BEGIN

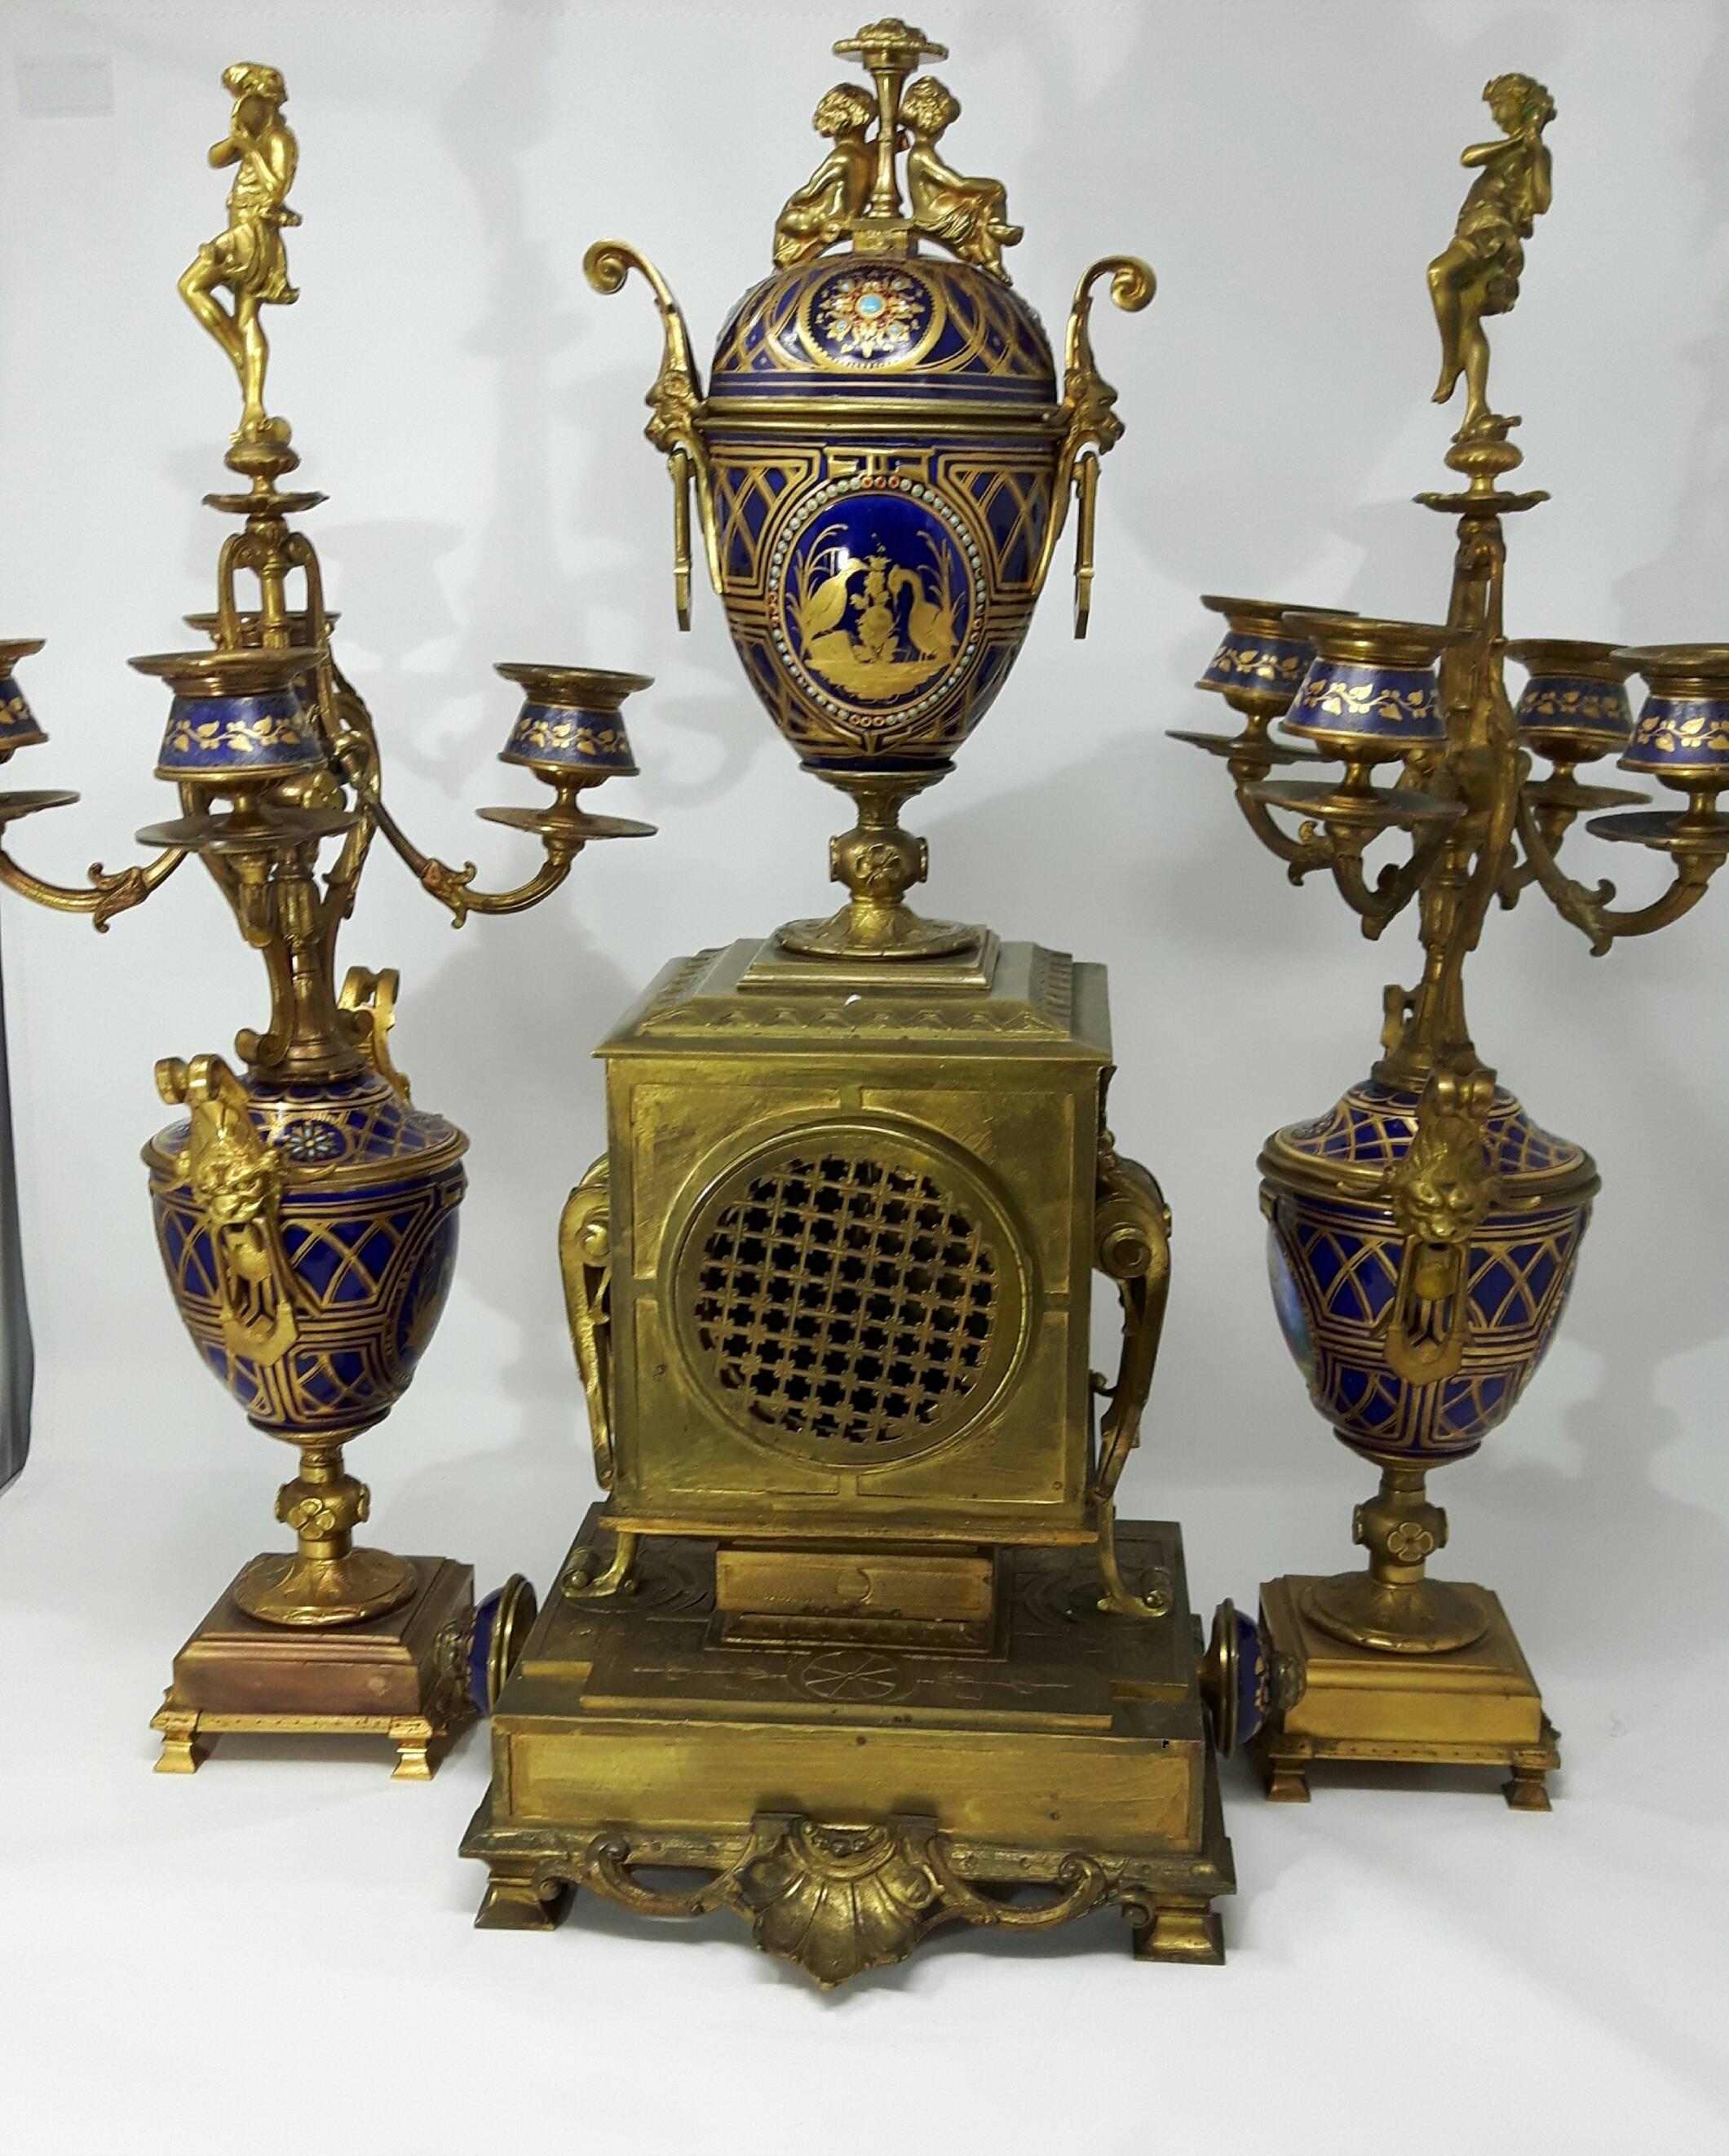 Cast 19th Century French Provincial Three-Piece Jeweled Clock Set
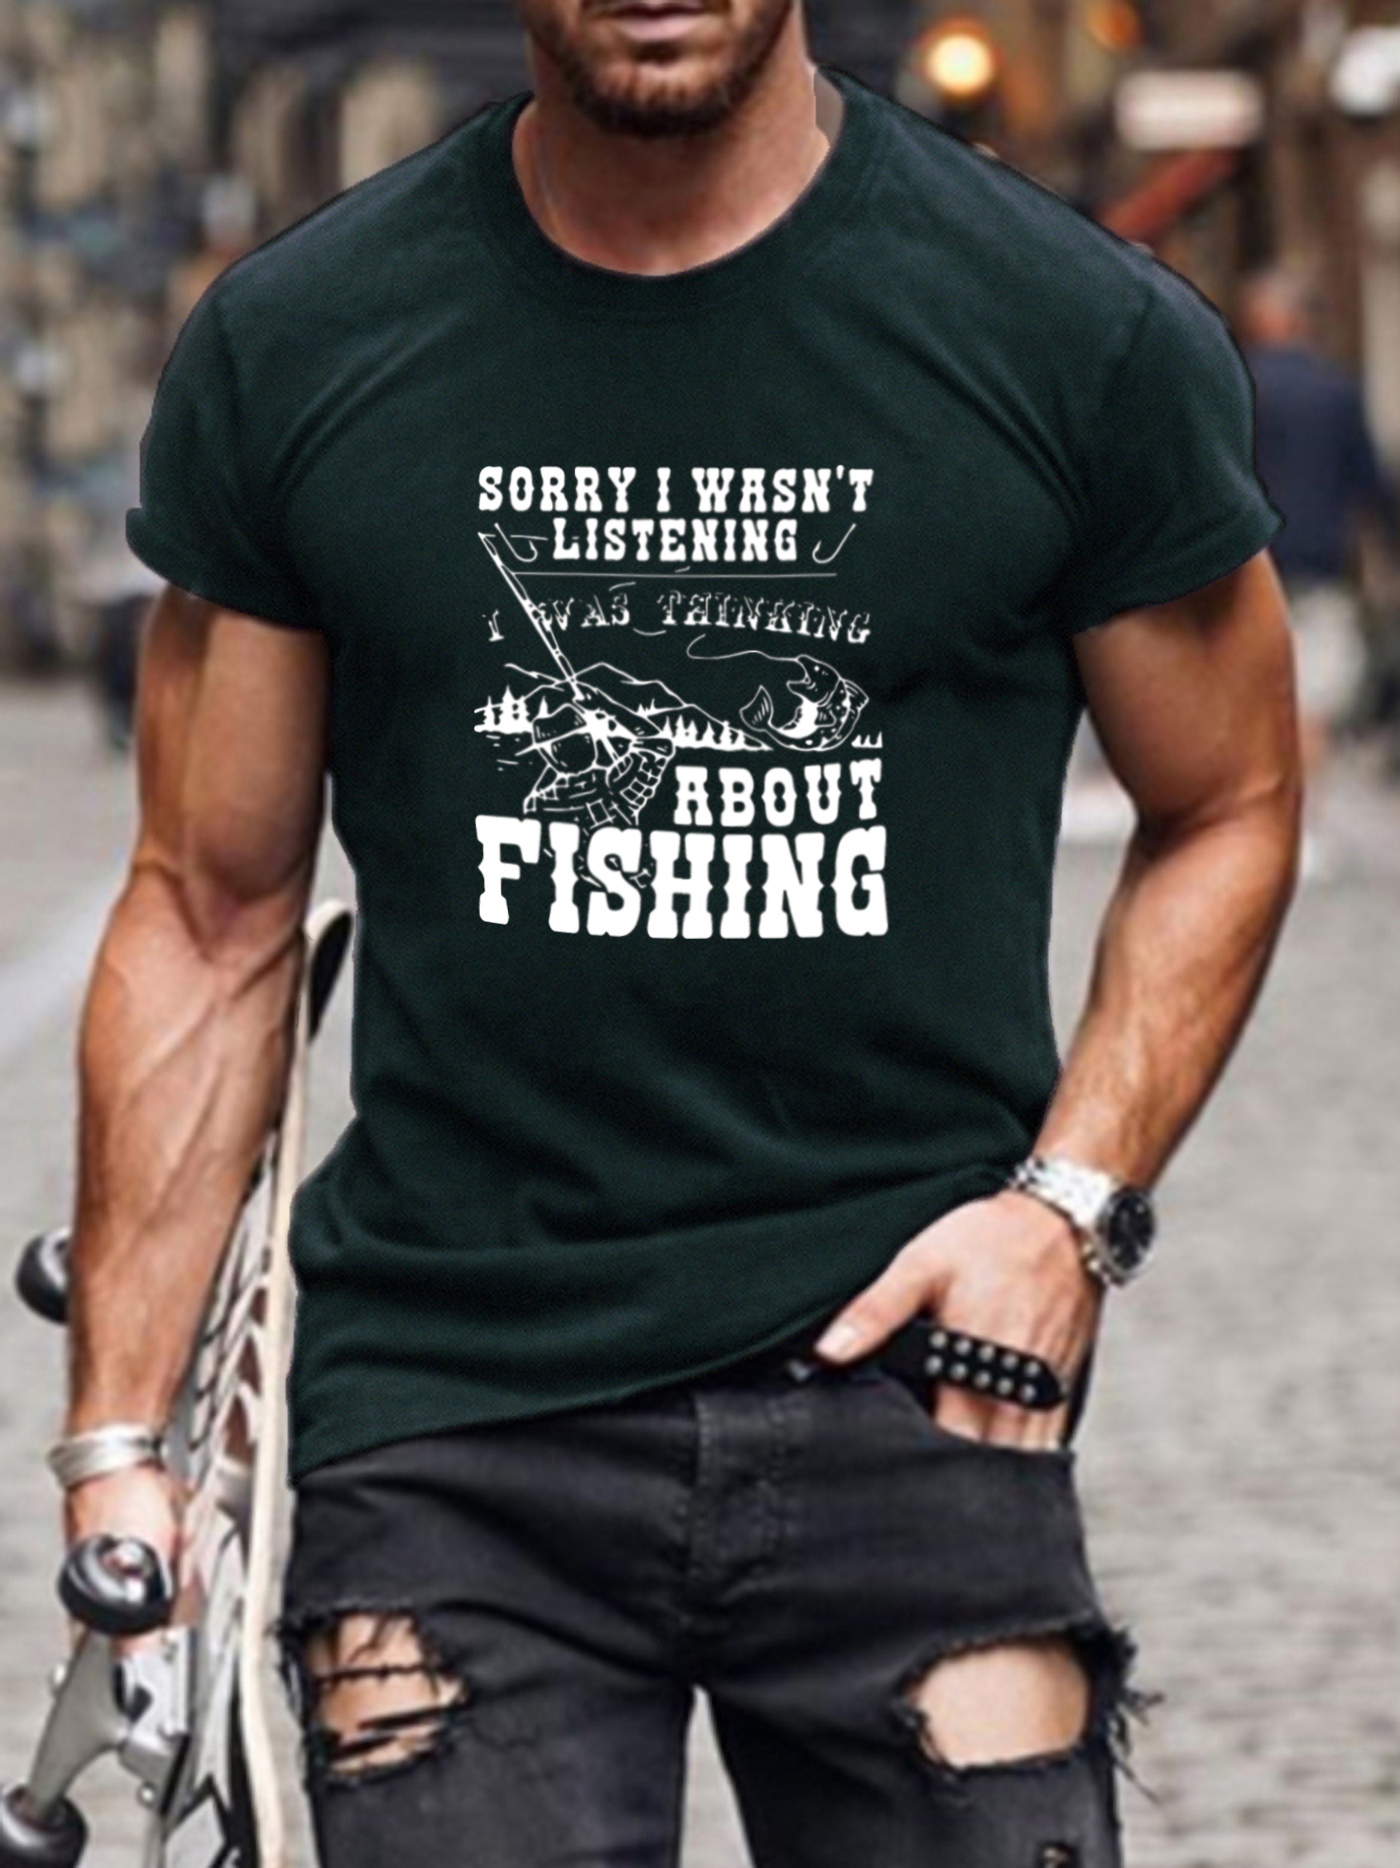 Men's Pullover Short Sleeves, Fishing Clothing T-shirts
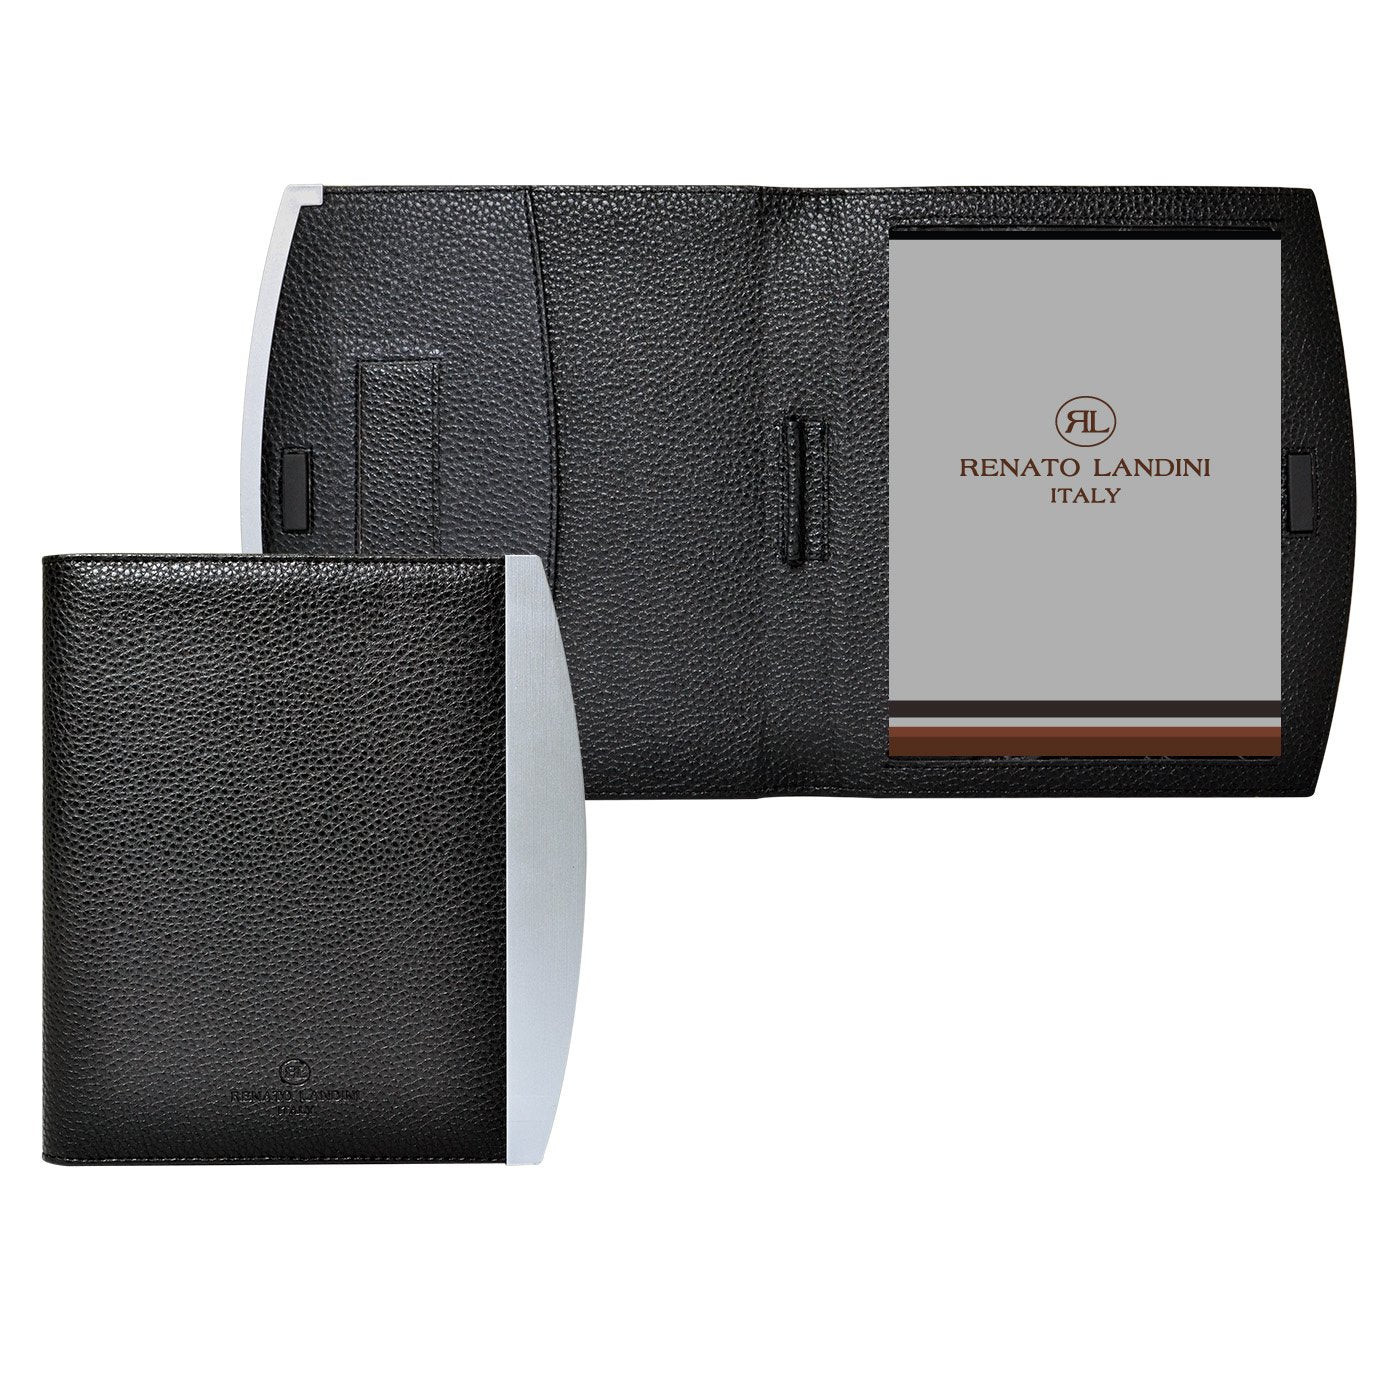 RENATO LANDINI Gift Set: Black Leather A5 Folder + Pen

END

Retype the material in full, exactly as written, and exclude the pictures.

 Cast 19th Century French Provincial Three-Piece Jeweled Clock Set
 Men's Pullover Short Sleeves, Fishing Clothing T-shirts
 RENATO LANDINI Gift Set: Black Leather A5 Folder + Pen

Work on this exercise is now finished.